Background technology
Time series forecasting is the hot issue in System Discrimination field, is with a wide range of applications, by many scholars
With the concern of researcher.Simultaneously as probabilistic increase, multi-step prediction encounters huge challenge.Multi-step prediction is frequent
Some elementary tactics are used, such as iterative method and direct method.
In the strategy based on iterative method, a step advanced prediction is calculated first, is then based on a step advanced prediction value and is come in advance
Survey other data.On the other hand, in the strategy based on direct method, can be estimated according to identical forecast model a step it is advanced or
Multistep advance value.Generally, an important factor for accumulated error is precision of prediction in influence iterative method, and it is then direct method to calculate cost
In need consider an important factor for.
In addition some other algorithms, such as multiple-input and multiple-output (MIMO) method and DirRec strategies are also proposed,
And multiple-input and multiple-output (MISMO) forecast model etc..In MIMO and MISMO algorithms, main thought be obtain it is higher pre-
Survey precision.Meanwhile these methods all have higher calculating cost.In MISMO algorithms, initial predicted task is generally changed
For subtask, and then output is calculated using optimal solution, wherein algorithm complex is a key issue.
At present in document disclosed in foreign countries, document [1] .A.Sorjamaa and A.Lendasse, " Time series
prediction using DirRec strategy,"European Symposium on Artificial Neural
Networks Bruges (Belgium), 26-28April2006. propose DirRec strategies;Document [2] .G.Bontempi, "

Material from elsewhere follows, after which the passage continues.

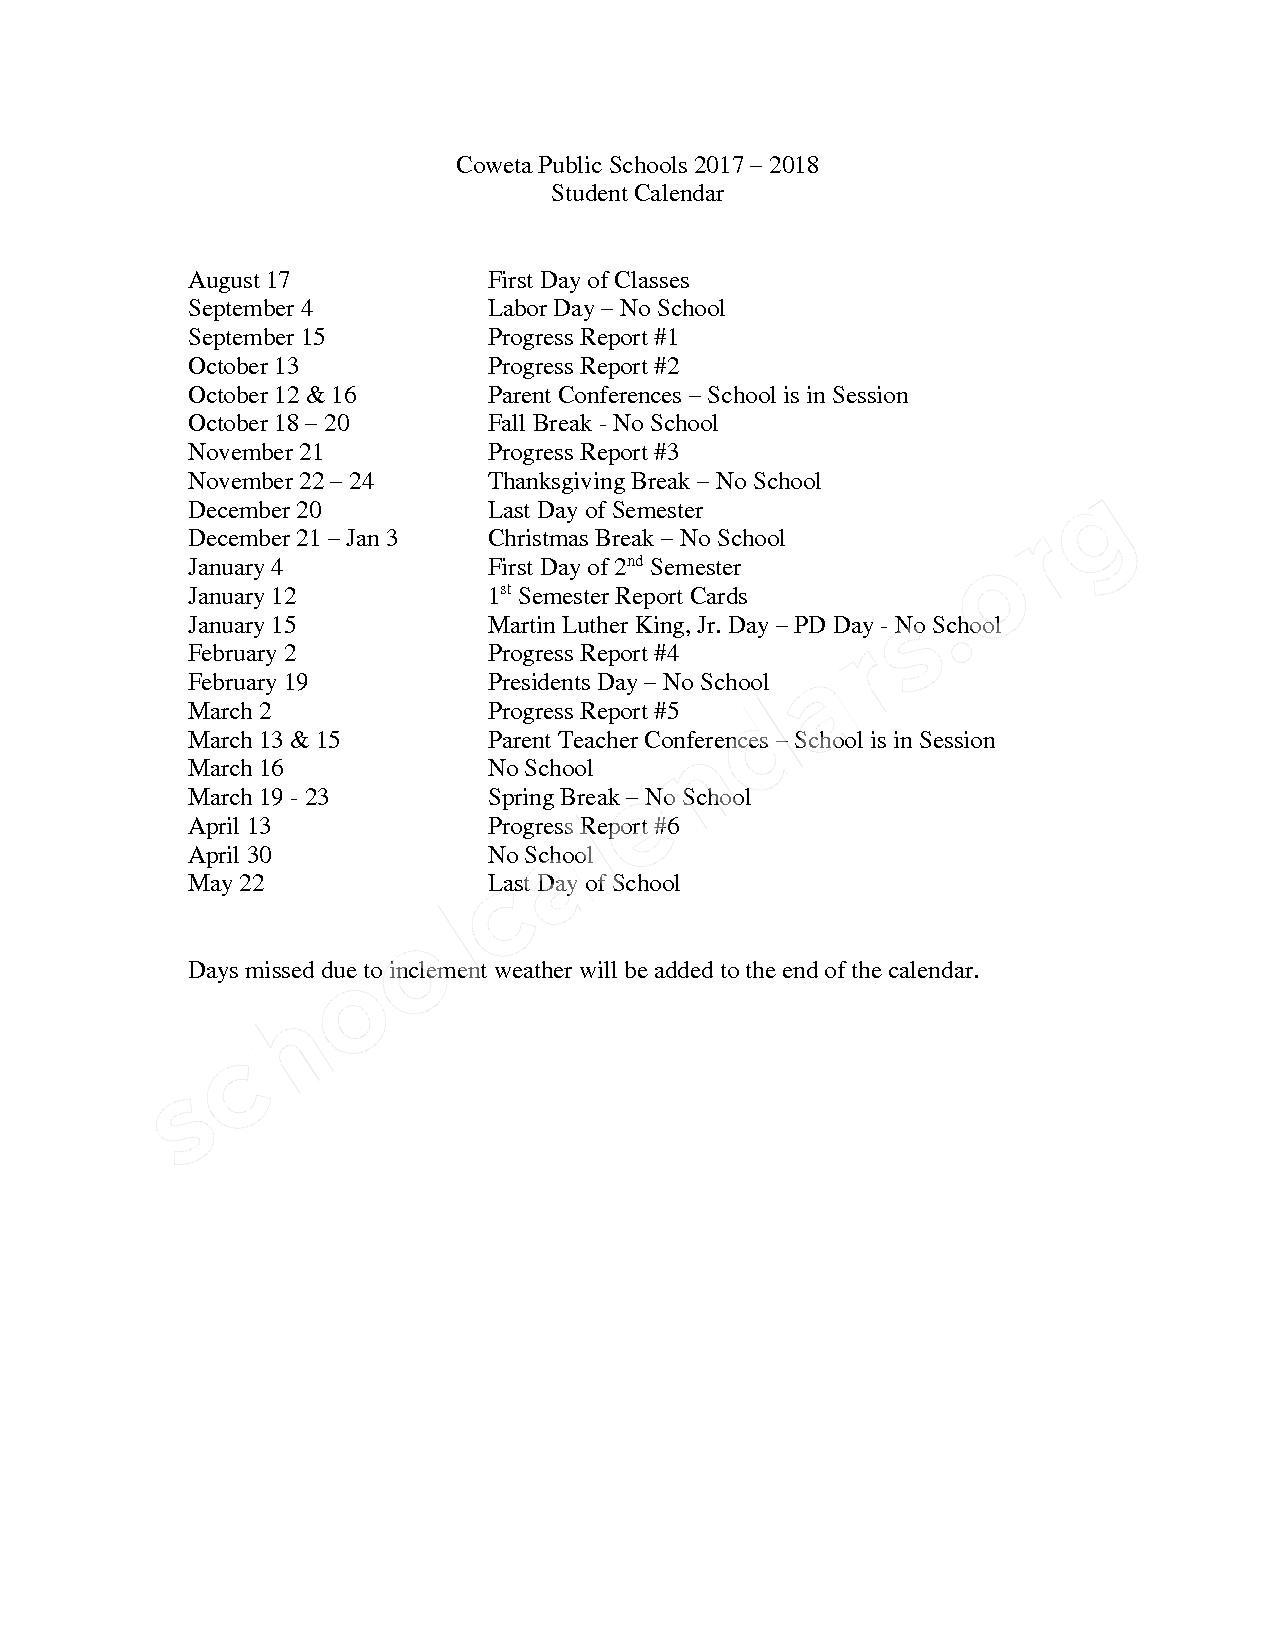 2017 - 2018 School Calendar – Coweta Public Schools – page 1
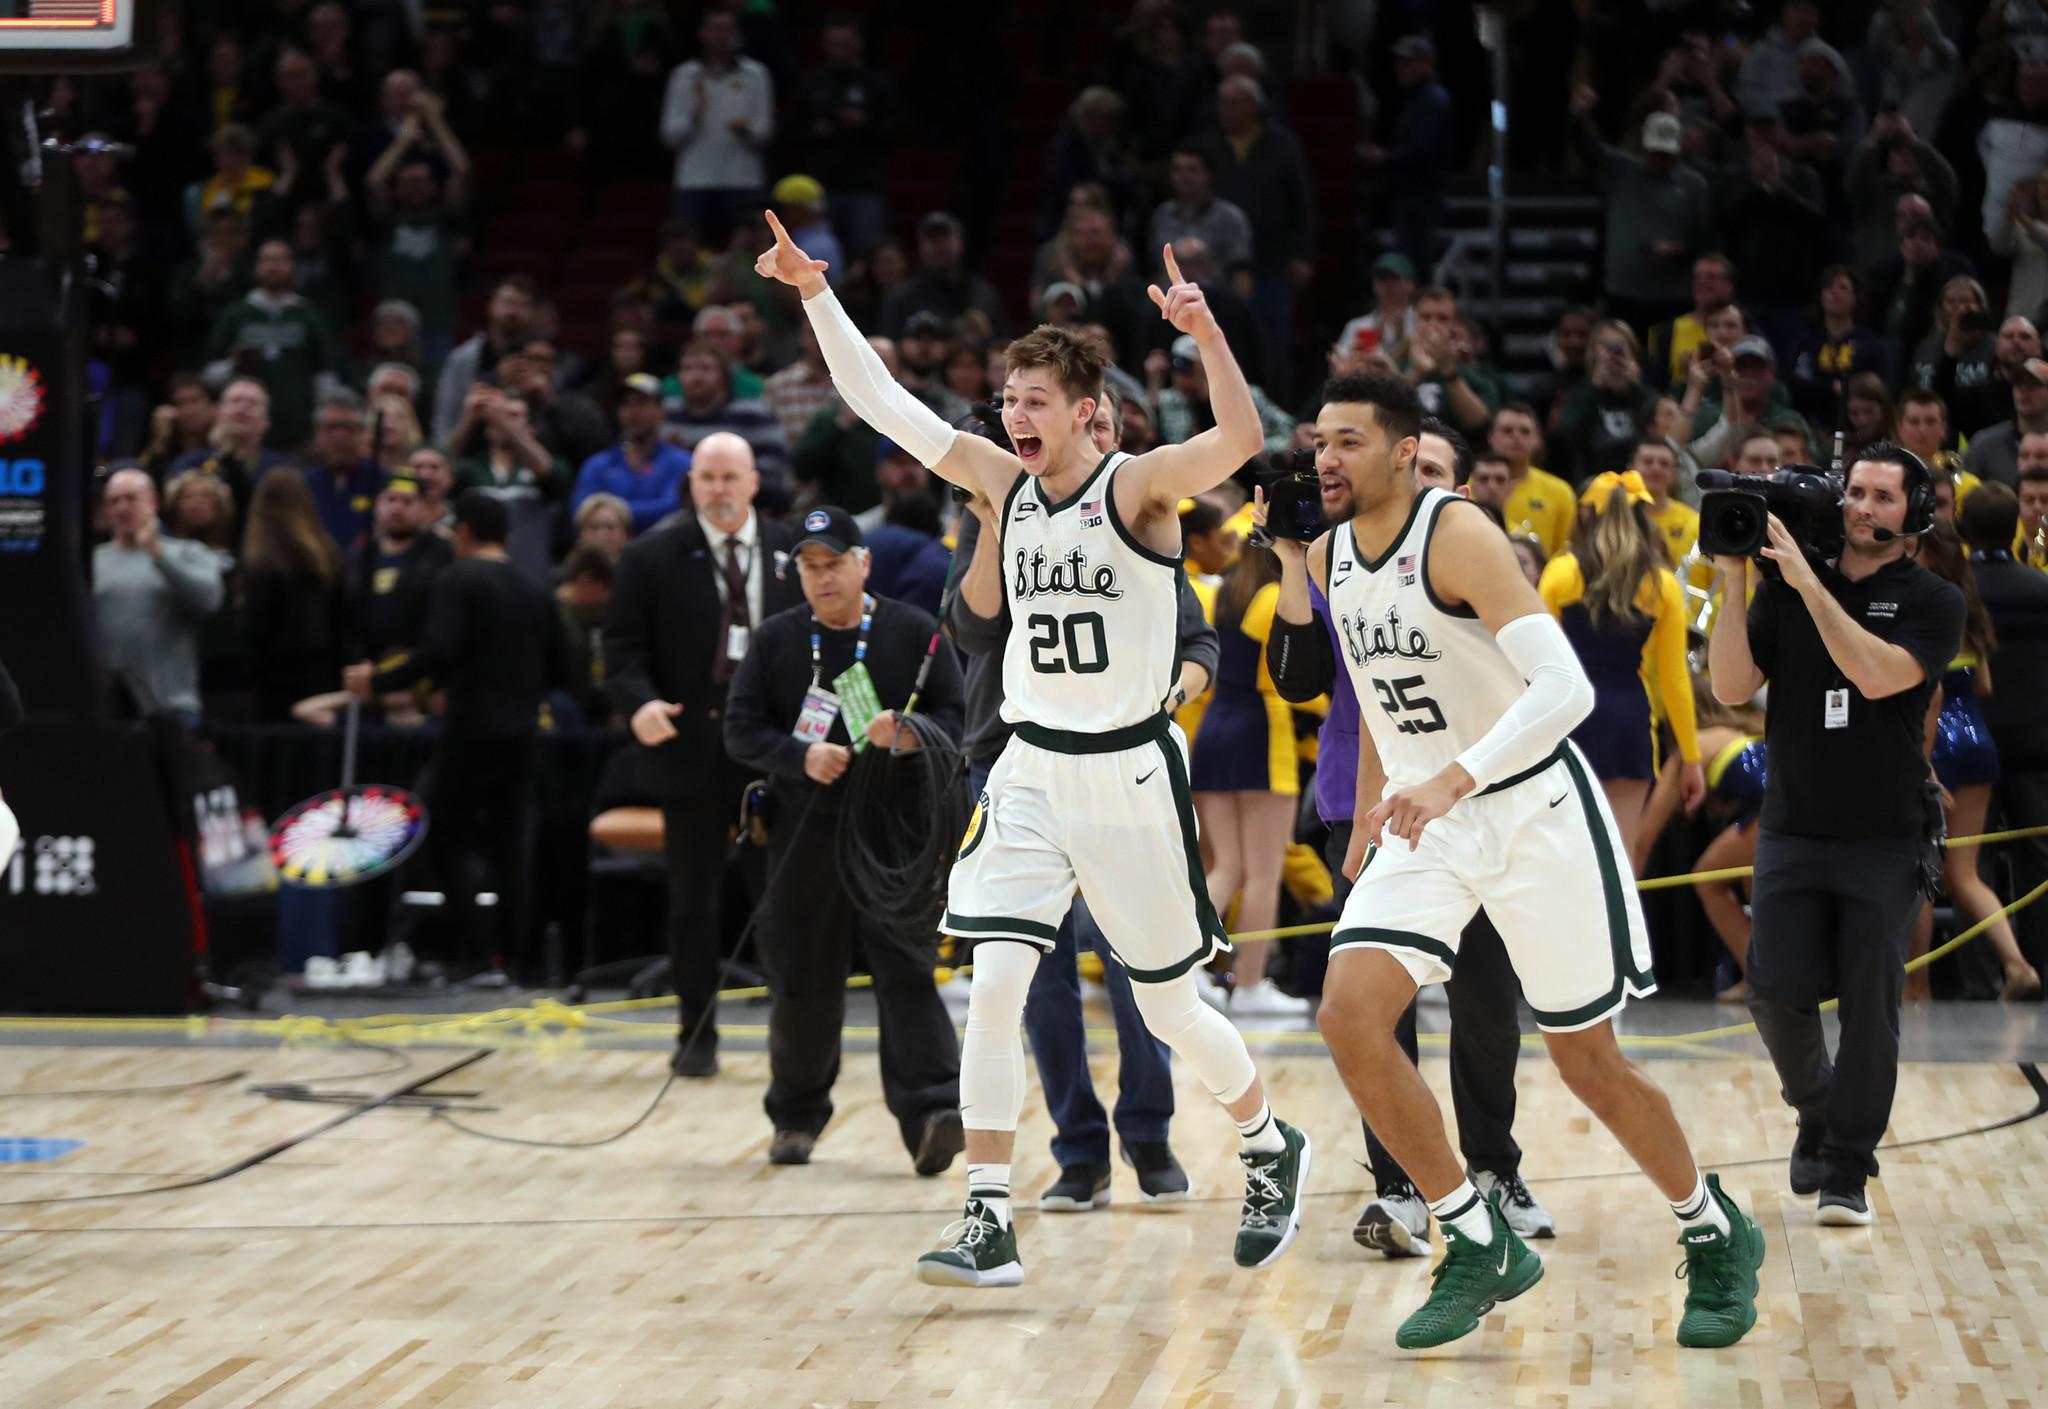 Big Ten Tournament - Chicago Tribune

Long term time series prediction with multi-input multi-output local
learning,"European Symposium on Time Series Prediction,Helsinki,Finland,2008,
Pp.145-154. multiple-input and multiple-output (MIMO) method is proposed;Document [3] .S.Ben Taieb, G.Bontempi,
A.Sorjamaa,and A.Lendasse,"Long-term prediction of time series by combining
direct and MIMO strategies,"IEEE International Joint Conference on Neural
Networks, Atlanta, U.S.A., 2009, pp.3054-3061. propose multiple-input and multiple-output (MISMO) forecast model;
Document [4] .S.Ben Taieb, A.Sorjamaa, and G.Bontempi, " Multiple-output modeling for
multi-step-ahead time series forecasting,"Neurocomputing,vol.73,pp.1950-1957,
2010. have used optimal solution output algorithm.
But the prediction effect of above-mentioned document has some deficiency:
(1) document [1] [2] [3] main thought is to obtain higher precision of prediction, but these methods have higher calculating
Cost;
(2) multiple-input and multiple-output (MIMO) method and multiple-input and multiple-output (MISMO) prediction proposed in document [2] [3]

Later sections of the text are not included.